**Assignment**
Your reply should consist solely of the lines from the start of the material below through the line containing "USA Men's 3X3", reproduced exactly.
(Task inputs)
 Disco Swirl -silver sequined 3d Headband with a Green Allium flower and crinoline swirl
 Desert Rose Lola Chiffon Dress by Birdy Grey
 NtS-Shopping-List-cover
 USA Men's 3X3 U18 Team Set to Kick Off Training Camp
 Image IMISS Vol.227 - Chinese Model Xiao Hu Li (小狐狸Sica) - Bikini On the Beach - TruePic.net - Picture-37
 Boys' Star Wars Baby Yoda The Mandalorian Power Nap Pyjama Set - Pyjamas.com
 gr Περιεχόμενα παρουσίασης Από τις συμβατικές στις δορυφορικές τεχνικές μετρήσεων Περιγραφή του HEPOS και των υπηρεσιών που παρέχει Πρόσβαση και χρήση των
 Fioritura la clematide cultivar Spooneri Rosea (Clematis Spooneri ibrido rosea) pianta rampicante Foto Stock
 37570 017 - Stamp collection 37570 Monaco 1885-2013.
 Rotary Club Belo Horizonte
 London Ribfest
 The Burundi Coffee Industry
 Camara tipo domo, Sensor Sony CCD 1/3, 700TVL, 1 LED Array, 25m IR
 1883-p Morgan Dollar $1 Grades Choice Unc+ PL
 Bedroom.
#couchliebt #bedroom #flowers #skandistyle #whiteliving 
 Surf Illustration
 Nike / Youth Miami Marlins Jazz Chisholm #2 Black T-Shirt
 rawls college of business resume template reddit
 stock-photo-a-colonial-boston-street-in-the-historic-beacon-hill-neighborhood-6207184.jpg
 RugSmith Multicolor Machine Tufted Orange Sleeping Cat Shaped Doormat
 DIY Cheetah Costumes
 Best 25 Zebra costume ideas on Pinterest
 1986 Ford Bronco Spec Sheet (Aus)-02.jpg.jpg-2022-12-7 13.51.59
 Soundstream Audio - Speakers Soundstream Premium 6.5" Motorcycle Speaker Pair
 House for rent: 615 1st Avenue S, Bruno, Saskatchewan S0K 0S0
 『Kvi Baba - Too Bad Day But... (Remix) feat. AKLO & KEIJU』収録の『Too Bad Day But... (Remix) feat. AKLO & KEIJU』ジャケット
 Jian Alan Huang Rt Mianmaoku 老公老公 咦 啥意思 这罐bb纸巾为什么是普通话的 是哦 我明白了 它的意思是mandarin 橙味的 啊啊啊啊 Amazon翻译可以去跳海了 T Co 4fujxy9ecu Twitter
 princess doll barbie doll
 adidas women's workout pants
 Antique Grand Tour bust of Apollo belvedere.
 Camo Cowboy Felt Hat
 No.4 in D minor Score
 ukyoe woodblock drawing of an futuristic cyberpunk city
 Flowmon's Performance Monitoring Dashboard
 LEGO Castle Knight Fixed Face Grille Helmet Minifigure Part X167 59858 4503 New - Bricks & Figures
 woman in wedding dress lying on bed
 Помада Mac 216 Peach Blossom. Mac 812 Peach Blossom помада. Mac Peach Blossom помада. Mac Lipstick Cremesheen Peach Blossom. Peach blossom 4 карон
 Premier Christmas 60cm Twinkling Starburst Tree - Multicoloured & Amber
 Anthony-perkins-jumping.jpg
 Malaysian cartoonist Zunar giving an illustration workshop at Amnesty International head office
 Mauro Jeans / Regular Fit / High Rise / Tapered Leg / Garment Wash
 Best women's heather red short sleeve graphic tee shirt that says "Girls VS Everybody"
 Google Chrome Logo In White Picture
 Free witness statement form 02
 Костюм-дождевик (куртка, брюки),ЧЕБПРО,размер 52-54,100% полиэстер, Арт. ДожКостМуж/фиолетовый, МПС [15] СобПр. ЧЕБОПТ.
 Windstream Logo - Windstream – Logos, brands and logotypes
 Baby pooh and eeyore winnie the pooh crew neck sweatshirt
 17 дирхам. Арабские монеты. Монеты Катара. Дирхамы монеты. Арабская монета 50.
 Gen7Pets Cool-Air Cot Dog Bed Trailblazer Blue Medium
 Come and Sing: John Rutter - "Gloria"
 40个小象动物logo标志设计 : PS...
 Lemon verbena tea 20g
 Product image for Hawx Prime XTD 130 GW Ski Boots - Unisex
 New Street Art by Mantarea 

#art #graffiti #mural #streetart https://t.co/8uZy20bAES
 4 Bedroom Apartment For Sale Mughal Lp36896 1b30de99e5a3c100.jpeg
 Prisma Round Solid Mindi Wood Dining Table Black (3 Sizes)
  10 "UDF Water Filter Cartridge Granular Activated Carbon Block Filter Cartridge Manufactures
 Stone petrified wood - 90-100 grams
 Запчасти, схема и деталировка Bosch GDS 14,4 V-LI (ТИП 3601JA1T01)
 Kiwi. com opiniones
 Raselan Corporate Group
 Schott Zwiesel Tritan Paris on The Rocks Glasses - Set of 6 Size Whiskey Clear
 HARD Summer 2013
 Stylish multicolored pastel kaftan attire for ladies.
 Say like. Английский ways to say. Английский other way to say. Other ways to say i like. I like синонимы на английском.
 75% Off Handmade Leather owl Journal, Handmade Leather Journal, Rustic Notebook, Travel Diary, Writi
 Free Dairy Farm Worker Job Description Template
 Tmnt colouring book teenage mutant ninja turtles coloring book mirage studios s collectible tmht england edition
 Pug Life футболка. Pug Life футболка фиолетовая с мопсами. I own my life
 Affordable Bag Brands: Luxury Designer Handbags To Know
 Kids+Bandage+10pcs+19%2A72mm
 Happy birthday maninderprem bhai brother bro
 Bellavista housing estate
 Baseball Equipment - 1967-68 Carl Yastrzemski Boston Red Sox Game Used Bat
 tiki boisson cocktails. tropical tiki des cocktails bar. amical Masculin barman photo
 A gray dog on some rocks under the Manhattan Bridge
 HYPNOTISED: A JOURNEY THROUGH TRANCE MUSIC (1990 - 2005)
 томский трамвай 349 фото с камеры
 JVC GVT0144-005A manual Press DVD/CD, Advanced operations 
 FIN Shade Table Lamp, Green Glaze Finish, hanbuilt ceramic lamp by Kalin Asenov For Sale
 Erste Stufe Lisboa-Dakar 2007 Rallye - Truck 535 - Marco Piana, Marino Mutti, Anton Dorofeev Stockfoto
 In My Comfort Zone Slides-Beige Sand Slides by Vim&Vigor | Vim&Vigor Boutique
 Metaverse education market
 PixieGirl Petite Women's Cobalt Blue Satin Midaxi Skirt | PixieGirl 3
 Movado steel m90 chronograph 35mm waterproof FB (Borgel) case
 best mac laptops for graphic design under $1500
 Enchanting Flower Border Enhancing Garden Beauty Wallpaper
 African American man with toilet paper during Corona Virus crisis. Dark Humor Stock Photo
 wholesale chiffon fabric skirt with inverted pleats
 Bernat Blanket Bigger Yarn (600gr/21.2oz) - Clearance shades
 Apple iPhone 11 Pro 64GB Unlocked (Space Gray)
(End Task inputs)
**Written answer**
 Disco Swirl -silver sequined 3d Headband with a Green Allium flower and crinoline swirl
 Desert Rose Lola Chiffon Dress by Birdy Grey
 NtS-Shopping-List-cover
 USA Men's 3X3 U18 Team Set to Kick Off Training Camp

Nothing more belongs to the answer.